In These New Times

A new paradigm for a post-imperial world

Another day for Libya’s “sole legitimate representatives”

Posted by seumasach on July 29, 2011

The question is which faction was it that William Hague was supporting: was it the Younis faction or those who are now celebrating his death? It doesn’t appear to have anything to do with Gaddafi’s men so why retaliate by bombing Tripoli?

Rebel General Shot Dead in Libya

ABC News

29th July, 2011

 

Libya’s rebels say their top general commanding the campaign against the regime of Moamar Gaddafi has been shot dead by assailants.

Abdel Fattah Younes was part of the group involved in the 1969 coup that brought Gaddafi to power and was interior minister before he defected and took a senior position in the rebellion in February.

Rebel leader Mustafa Abdel Jalil, speaking from the main rebel stronghold in Benghazi said: “We received news today that… Younes and two of his bodyguards were shot at after he was called in to appear before a judicial committee investigating military issues.”

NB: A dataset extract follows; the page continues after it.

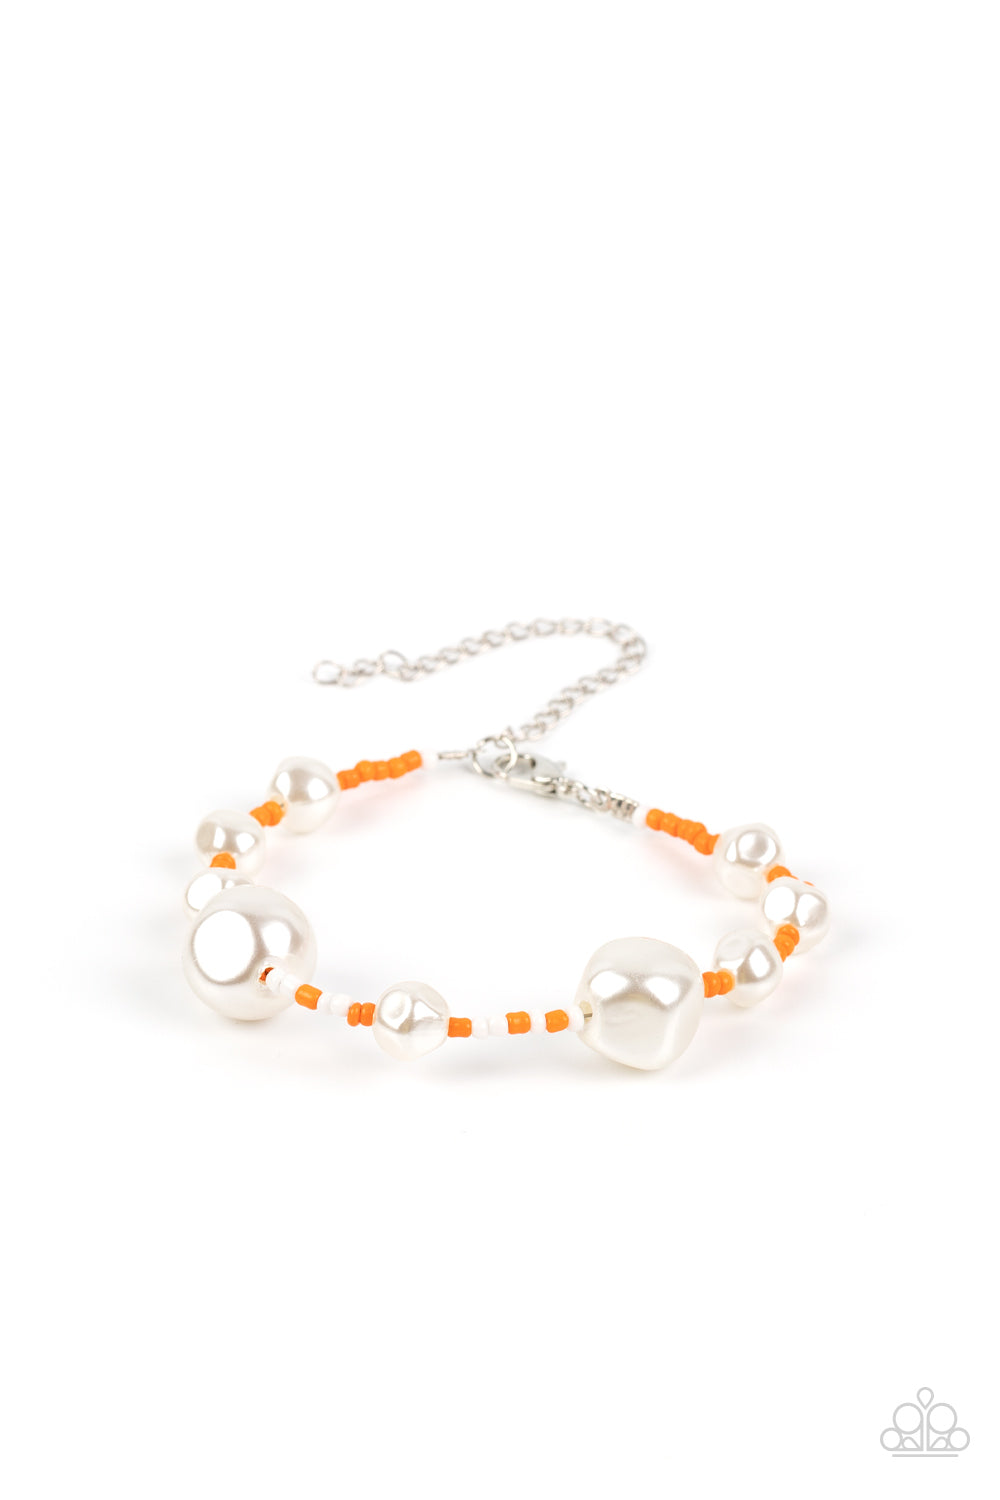 Contemporary Coastline - Orange and White Pearl Bracelet - Paparazzi Accessories - Irregular-shaped pearls in varying sizes are scattered amongst orange and white seed beads that are threaded along a wire, resulting in a refreshing and playful style around the wrist. Features an adjustable clasp closure. Sold as one individual bracelet.

Some rebels were never comfortable with an army leader who had until recently been so close to Gaddafi, and Mr Younes had been involved in a dispute over the leadership of the rebel forces.

Mr Jalil said Mr Younes was shot before appearing in front of the judicial committee, and said the head of the “armed cell” that killed him had been arrested.

Mr Jalil blamed the killing on pro-Gaddafi loyalists.

“We are really sorry and we feel sad to declare the death of General Abdel Fatah Younes, the chief of staff of the Libyan Army,” he said.

“The head of the insurgent was arrested and he said that some of his men did this thing.”

Ali Suleiman Aujali, a former Libyan ambassador to the US who now represents the Transitional National Council, said it was too early to say exactly who was responsible.

“It is on the front – sometimes they get frustrated … and people … shoot each other sometimes just for a very simple thing in the streets.”

Mr Aujali rejected any suggestion the TNC might have been behind the killing.

“This is completely not true,” he said.

It was not clear where Mr Younes and his bodyguards had been killed or how Mr Jalil had learned of their deaths, but Mr Jalil said all efforts were being made to find their bodies.

Shortly after the announcement, gunmen burst into the grounds of the hotel where Mr Jalil was speaking and fired bursts of shots in the air, a Reuters reporter said.

At least three loud explosions shook the centre of the Libyan capital Tripoli late on Thursday, shortly after the announcement of Mr Younes’ death.

Meanwhile, Libya’s rebel movement installed ambassadors in Paris and London on Thursday, formalising ties with its main allies in the fight to topple ruler Gaddafi from power.